The camera will determine the playing field. There is a video below explaining some things, but basically: the PS3 camera, connected to the PC (use these Playstation 3 CAMERA DRIVERS if your computer can not recognise the camera) using a preset LAYOUT will create a VIRTUAL playing field limited by YELLOW MARKs. Everything outside this playing field layout will not be detected.

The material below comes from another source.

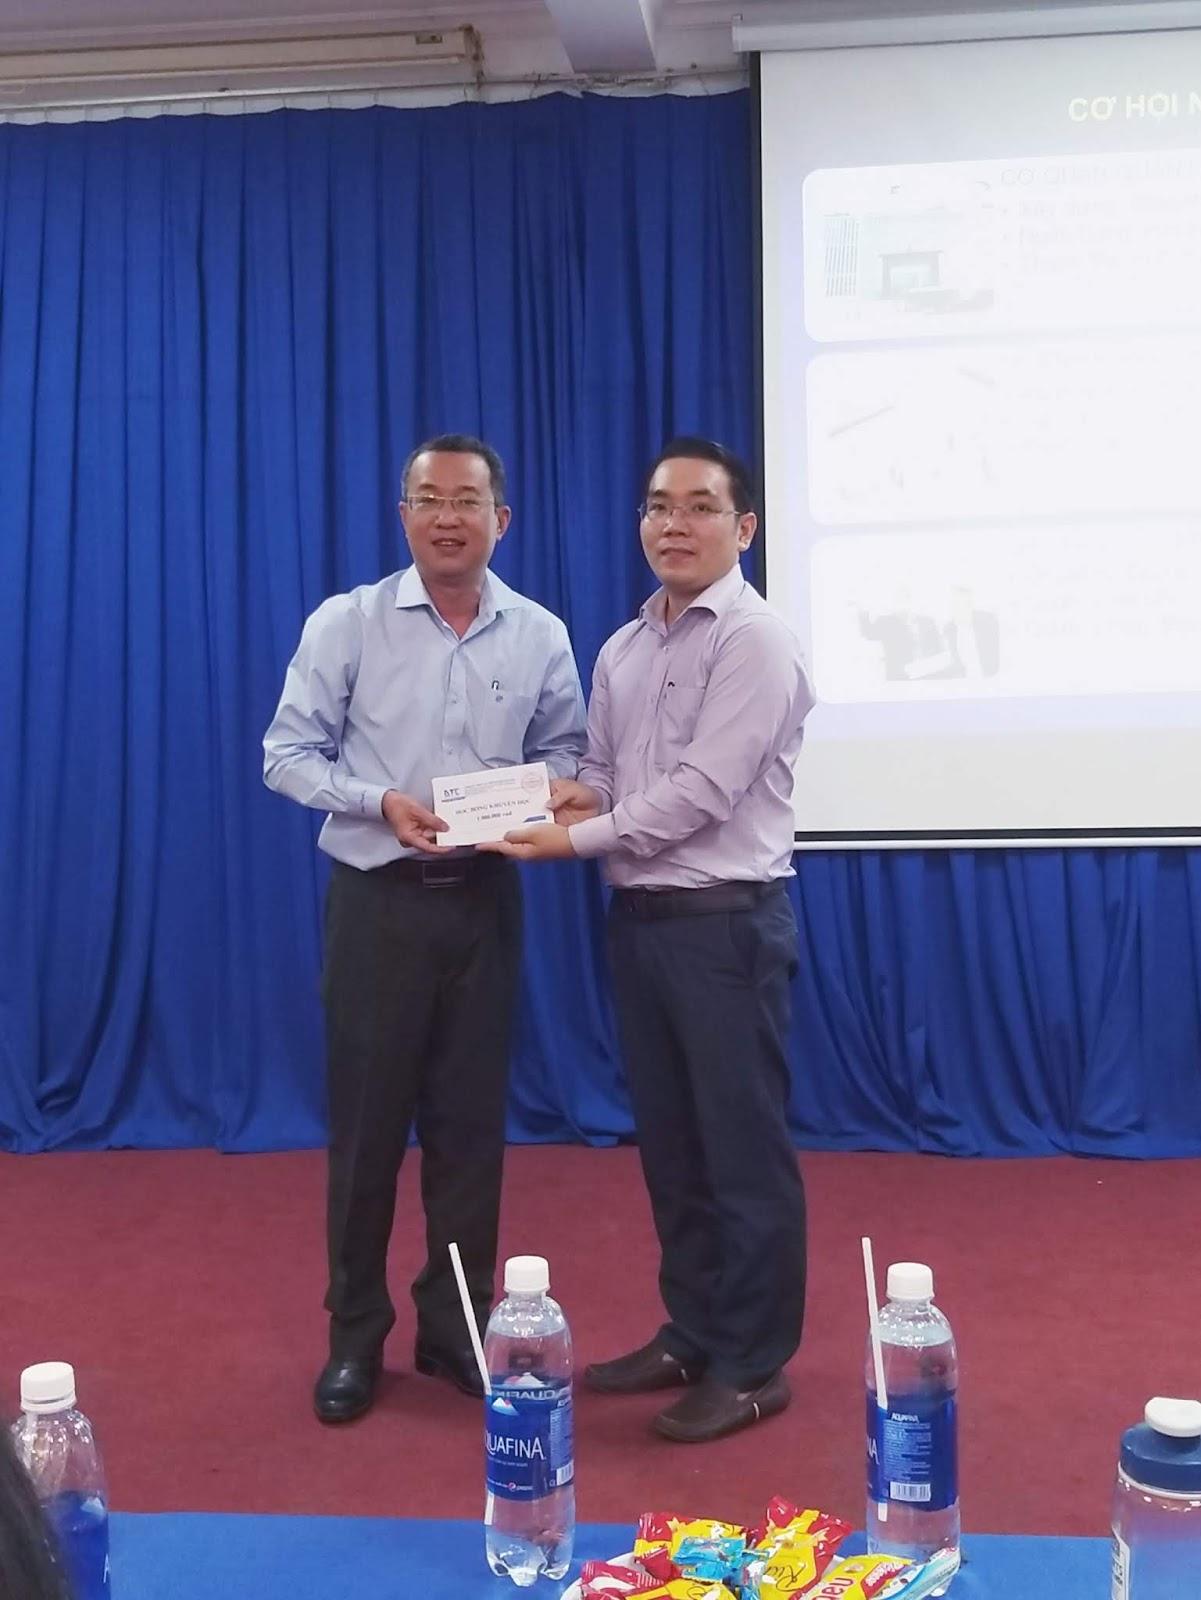 CLB Dự Toán tham gia ngày hội Tân Sinh Viên ngành KTXD tại ĐH.GTVT TPHCM năm 2019

The computer will calculate (predict) the rebound of the PUCK on the “virtual” sides of this playing field and behave accordingly . This means: If the camera is not orientated correctly , the robot will misbehave due to a wrong PUCK trajectory prediction.

Ok. Next STEPS:

1. Download the VISION DETECTION SOFTWARE 
2. Extract the files
3. Connect the PS3 camera to your PC (check if it is properly recognised by the computer. Drivers here)
4. Run the AHR2.exe (if you have a webcam connected, you might need to disconnect/disable it temporally. Otherwise, the AHR2,exe could use it instead the PS3 camera). A window will pop-up showing something similar to the video displayed below.
5. Rotate, move, twist the PS3 camera until the image is centred as indicated in the video below: The YELLOW MARKS have to be placed over the corners of the Air hockey table. As explained before, those marks will create the “virtual” playing field. Both the ROBOT and the PUCK should be detected by now.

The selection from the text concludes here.